Старик одно мгновение простоял в задумчивости и, протянув руку Кроону, сказал:
— Хорошо. Я согласен. Игра ваша...
Кроон сообщил свой адрес. Старик проводил их до дверей комнаты.
Садясь в машину, Стасик спросил:
— Неужели, Кроон, вы отдадите им все бумаги. Ведь там очень важные...
— С них сейчас снимают копии. Вот и все. Где нужно, будут знать в чем дело. Вообще они провалились. И вы, Стасик, молодчина.
— А девочка?
— Мы ее получим живую или... мертвую...
Марк похолодел и переспросил:
— Как? Мертвую?
Кроон промолчал. На глазах Марка навернулись слезы. Кроон хлопнул его по коленке и прибавил:
— Не плачь. Москва слезам не верит. Никогда не верила. И тем менее теперь. Нам придется ждать недолго. Мне сдается, что нам понадобится доктор. Заедем к Глудзинскому — это мой друг.
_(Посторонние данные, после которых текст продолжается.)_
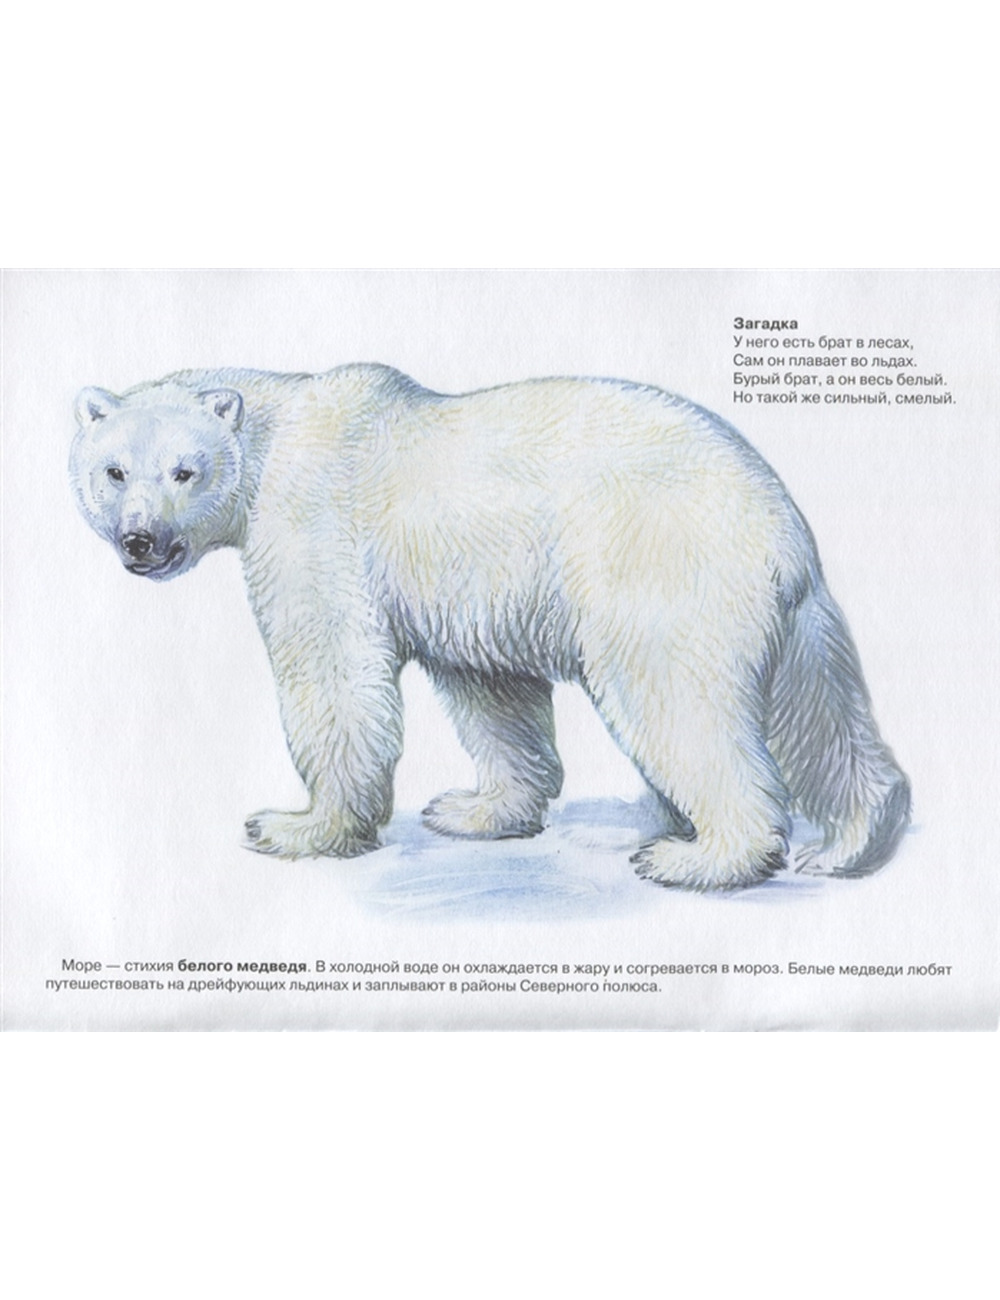 Дидактический материал животные Арктики

Кроон приказал шоферу ехать на Ордынку. Врача дома не оказалось, он был в лечебнице. Поехали туда — к Серпуховским воротам. Врач был занят и освободился только через полчаса. Все это время Кроон спокойно сидел в машине и молча курил, а Марс, прикорнув в уголке кароссери, — дремал, иногда приоткрывая глаза, смотрел на Кроона вопросительно, тот кивал ему головой, и Марс снова щурился и дремал. Стасик и Марк сладко зевали...
Наконец, появился доктор с пестрым чемоданчиком в руке, маленький, круглый, розовый, бритый, веселый человек, с сигарой в зубах...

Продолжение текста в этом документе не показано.